Multiplex cars microscopy device
Abstract
Multiplex CARS microscopy device for analysing a sample (Ech) comprising: -a laser source (LS) suitable for emitting a primary beam (FP) having a first wavelength λ1, in the form of pulses (IL1) with a power called the primary power; -an optical fibre (F) supporting fewer than ten modes, said pulses propagating through the optical fibre (F) in anomalous dispersion regime so as to generate, from the primary beam, an output beam (FSC) containing a plurality of second wavelengths forming a supercontinuum (SC), and said first wavelength λ1, the second wavelengths being generated by non-linear conversion of the first wavelength λ; -an optical system (MO) suitable for focusing the output beam onto said sample, so as to generate an anti-Stokes beam (STK) via stimulated Raman scattering induced by at least one of the second wavelengths and the first wavelength λ1 present in the output beam; -a photodetector (Det) suitable for detecting the anti-Stokes beam.
Claims
exact text as granted — not AI-modified1 . A multiplex CARS microscopy device for analyzing a sample (Ech) comprising:
a laser source adapted to emit a primary beam having a first wavelength λ 1 , in the form of pulses with a primary power; an optical fiber having less than ten modes, said pulses propagating in the optical fiber in an abnormal dispersion regime to generate, from the primary beam, an output beam having a plurality of second wavelengths forming a supercontinuum, and said first wavelength λ 1 , the second wavelengths being generated by non-linear conversion of the first wavelength λ 1 ; an optical system adapted to focus the output beam onto said sample, so as to generate an anti-Stokes beam by stimulated Raman effect induced by at least one of the second wavelengths and the first wavelength λ 1 present in the output beam; a photodetector adapted to detect the anti-Stokes beam.
2 . The device according to claim 1 , wherein the optical fiber is adapted so that a power of the output beam at the first wavelength λ 1 is higher than or equal to 10% of the primary power.

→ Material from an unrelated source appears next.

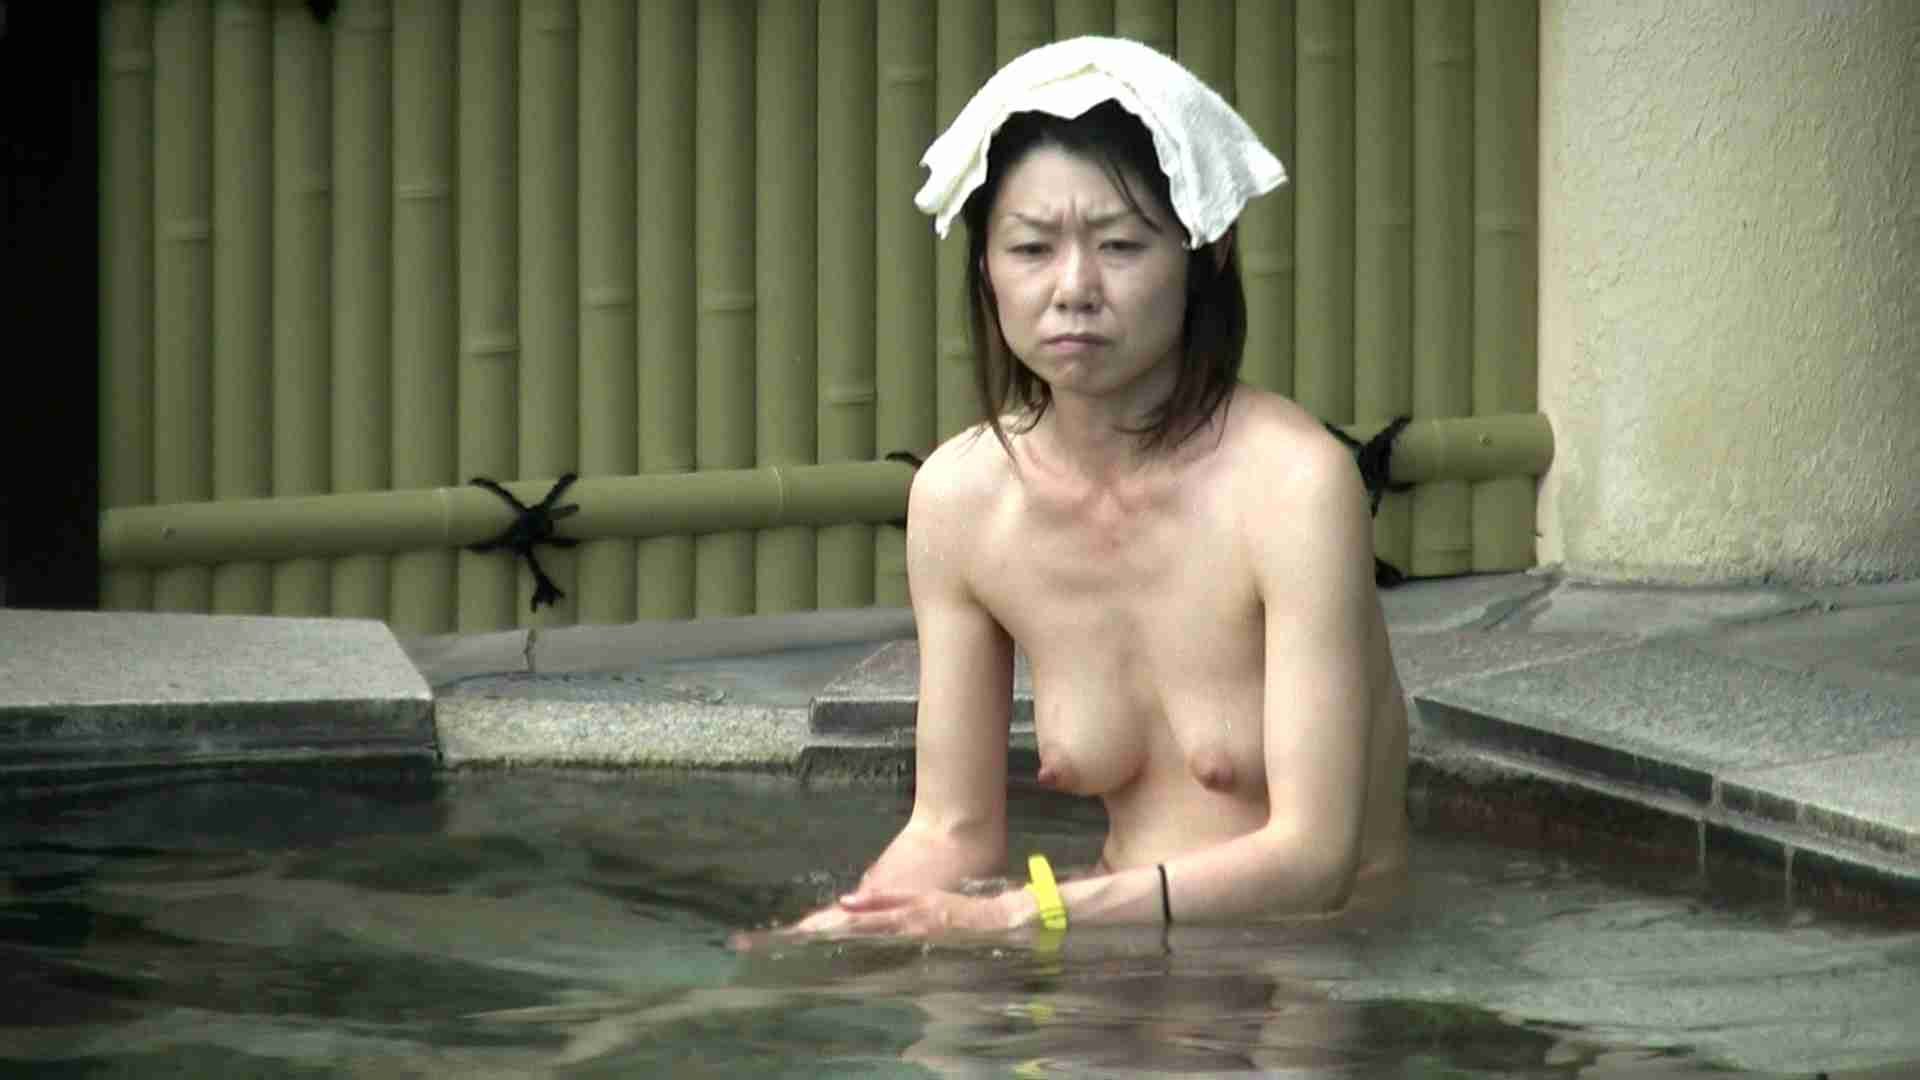 Aquaな露天風呂Vol.658 OLのプライベート  11pic 3

3 . The device according to claim 1 , wherein the optical fiber is a single-mode fiber with microstructured sheath.
4 . The device according to claim 1 , wherein the optical fiber has a zero-dispersion wavelength λ ZDW,i associated with each i-th mode, said first wavelength being higher than all zero-dispersion wavelengths λ ZDW,i by at least 10 nm.
5 . The device according to claim 1 , comprising an amplifier (Amp) arranged on an optical path of the output beam upstream of the sample and adapted to selectively amplify the power of the output beam at the first wavelength λ 1 .

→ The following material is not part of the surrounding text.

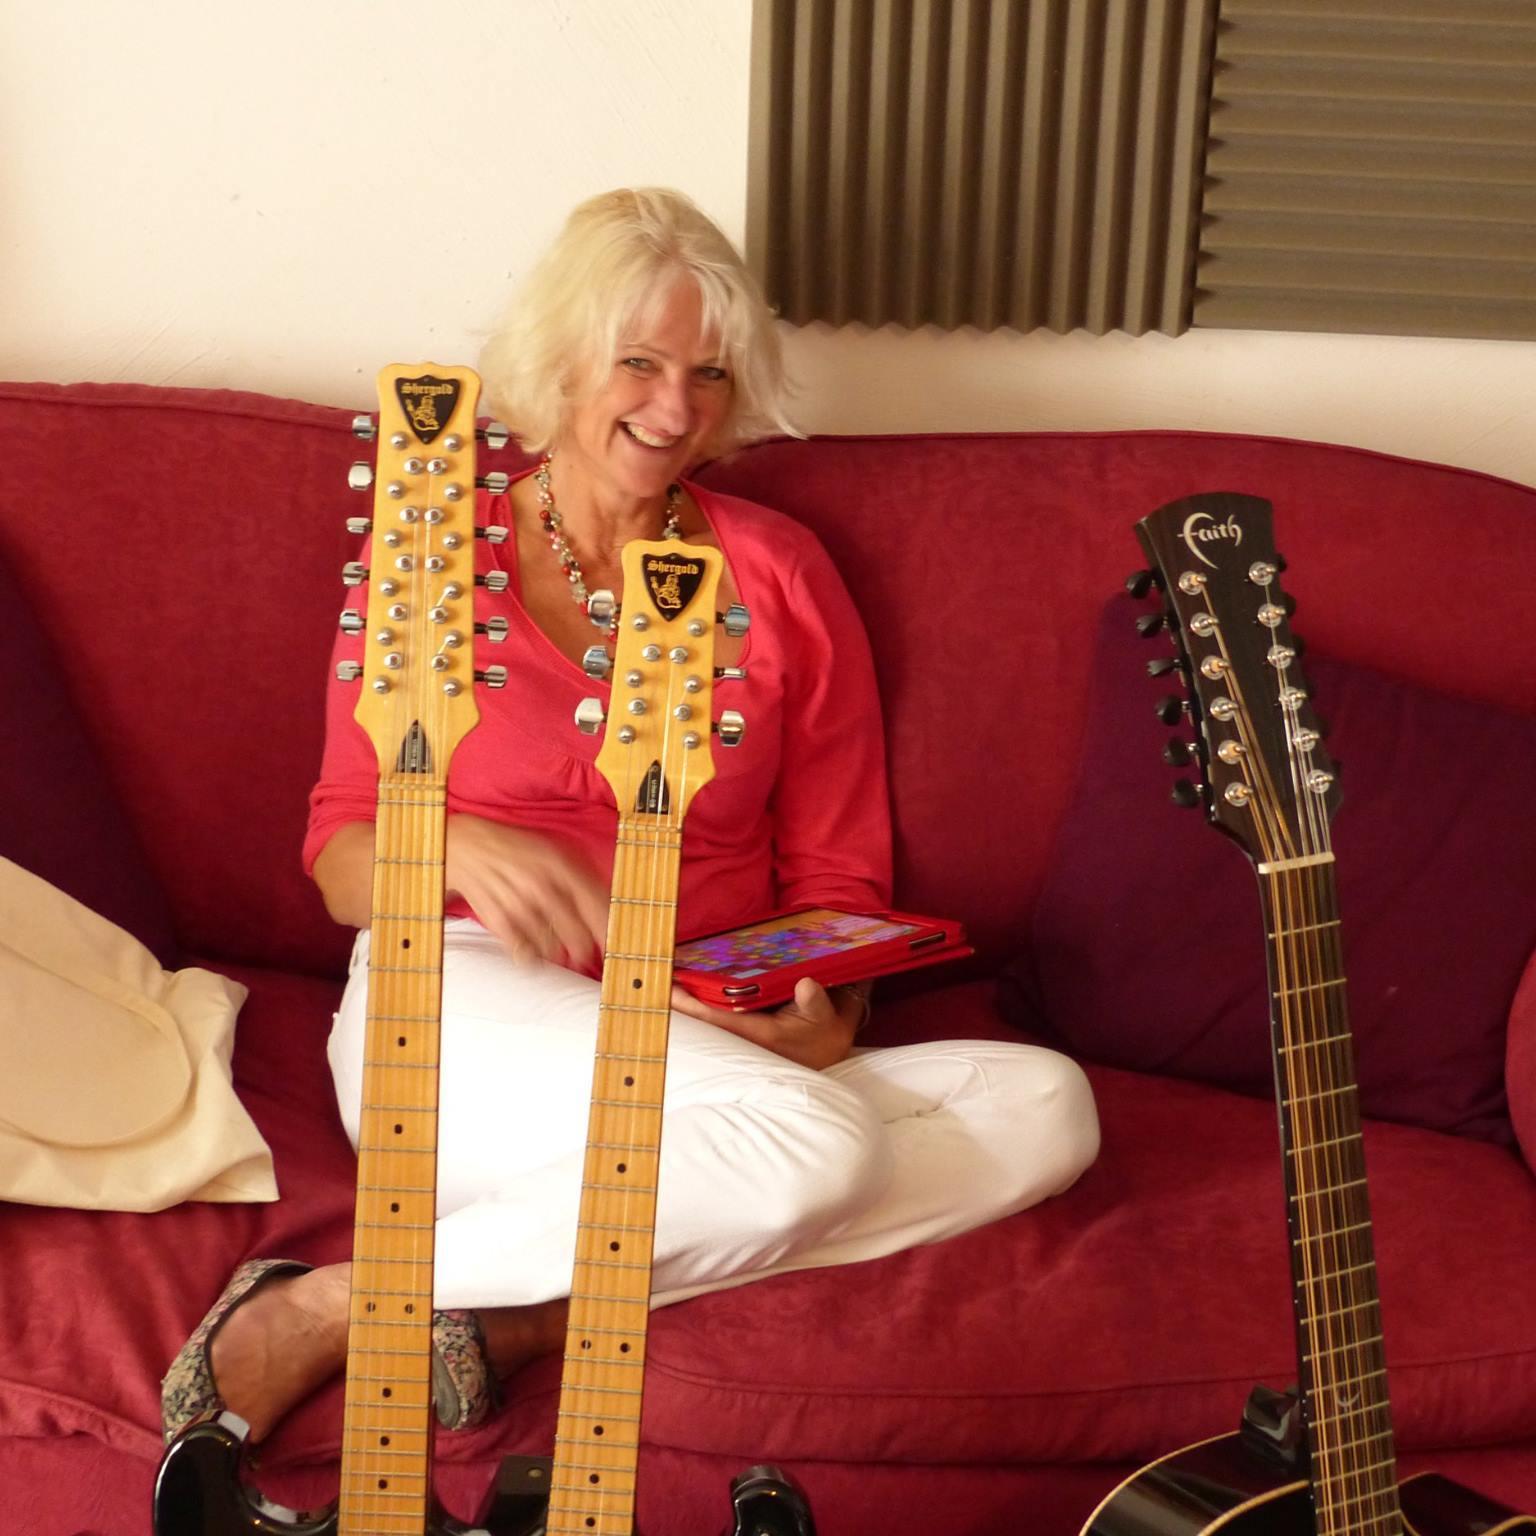 Jo and Colin's guitars

6 . The device according to claim 5 , wherein the amplifier comprises an amplifying fiber with a core doped with rare earth elements, said amplifying fiber being joined or welded or coupled to a downstream end of the optical fiber.
7 . The device according to claim 6 , wherein the amplifying fiber is pumped by second wavelengths of the output beam which are lower than the first wavelength λ 1 .
8 . The device according to claim 6 , wherein the amplifying fiber is pumped by a portion of the primary beam.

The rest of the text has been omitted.